My first therapist, just before I was outed as an escort, instructed me to stop having sex, stop masturbating, stop looking at porn. My husband had been pleading the same. Sounds simple, right?
Yet, sex was all consuming for me back then, and utterly impossible to stop given the mental state I was in. I was perfectly willing to lie and deceive to get my brain what it needed. I knew exactly what I was doing. But denial and irrationality is the mindset, and this is an unhealthy brain at work. Your life can be falling apart around you, but you don’t see it, and blame others for attempting to take you out of it.
Relationships are destroyed in the process. Families and marriages are blown up. We may feel a degree of shame after the act, but quickly jump back into the cycle.
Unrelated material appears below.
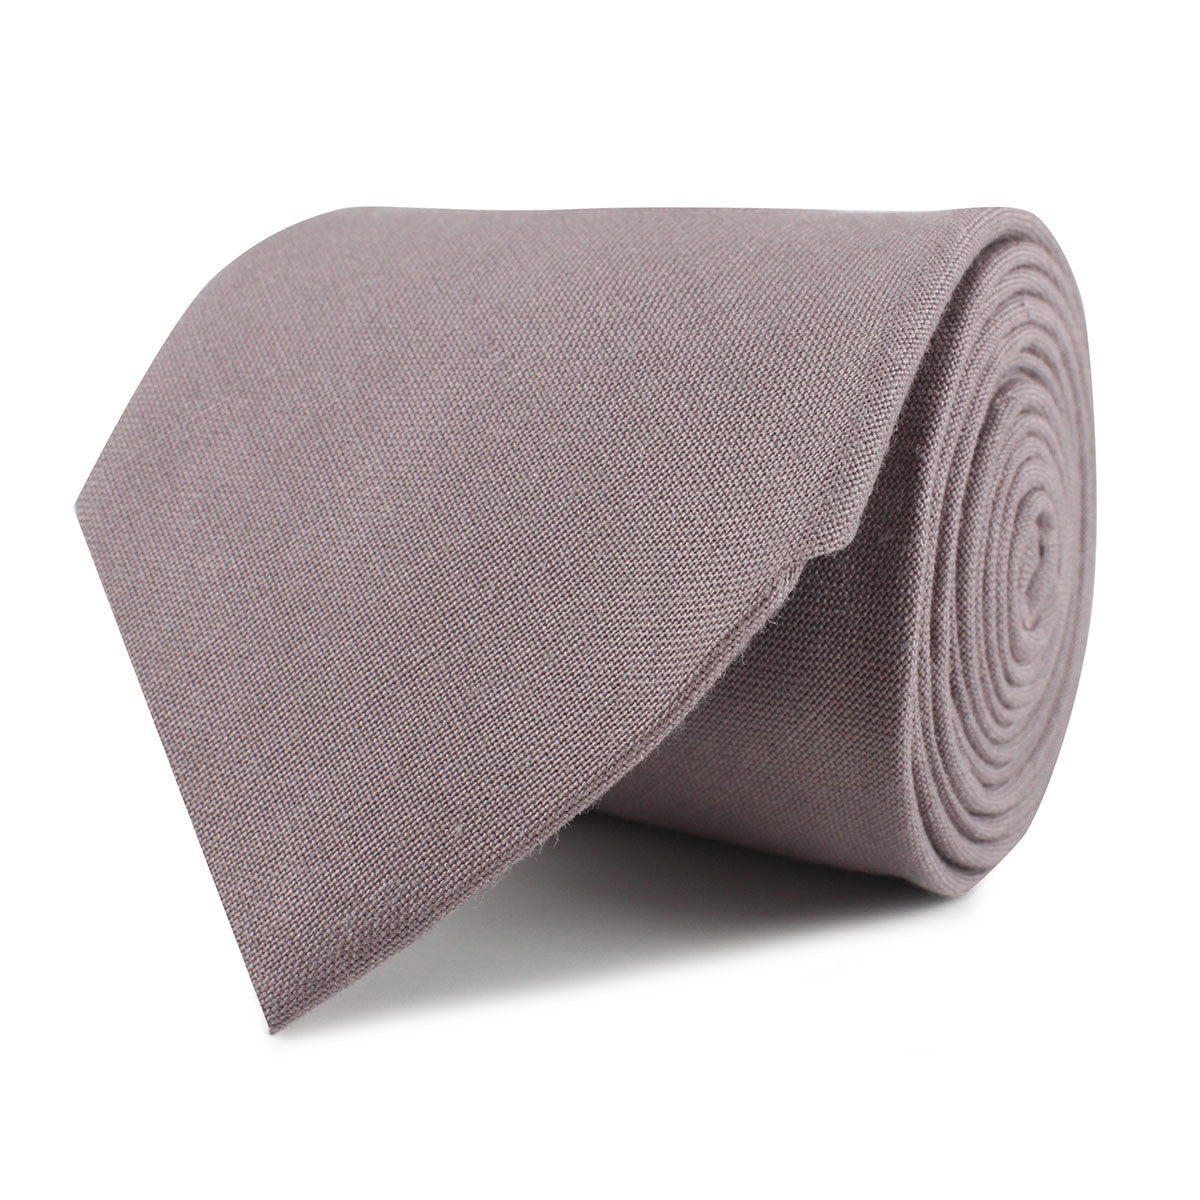 Grey Slub Linen Necktie | Men's Gray Tie | Business Casual Ties Online ...

Anything for the rush.
My diagnosis of bipolar disorder along with meds and therapy would eventually bring a degree of clarity after a very lengthy amount of time.
With clarity came shame, and finally, a realization of the damage I had done. But when you are able to reflect, to feel regret, it’s a clue that you are in the first stages of getting well, and that your behavior was clearly not conducted in your “normal” state.
But here’s the tricky part—I found you cannot move forward, cannot truly recover, until you let that shame go.
Society wants us to feel shame for sexual “misbehavior,” but it only serves as a trigger to bring you right back to why you resorted to the behavior in the first place. It’s a vicious cycle.
This requires education, support and understanding. Because otherwise, we feel embarrassed. We are constantly judged, and feel stigmatized. This is why I speak about sex as it relates to mental illness. To allow others going through something similar feel less alone. To educate and create awareness of a topic rarely discussed. There are so many out there suffering silently. Unsure of why they are doing what they are doing or what they did. There will always be regrets, and you must make your apologies to those you hurt, but it’s the shame that must go.
It’s not easy, but with time and support, it does get better.
Individuals living with bipolar disorder can still have a healthy, vibrant sex life. And remember, hypersexuality is not a symptom for everyone living with bipolar disorder, just some. Management is everything, and there is effective treatment out there. An educated, understanding support team is crucial. Having a person or people around you who can identify when things are perhaps leaning out of control requires honesty, openness, and education as to what to look for. Self-awareness is crucial as well.
We all want to have a healthy sex life. And those living with bipolar disorder certainly can do just that.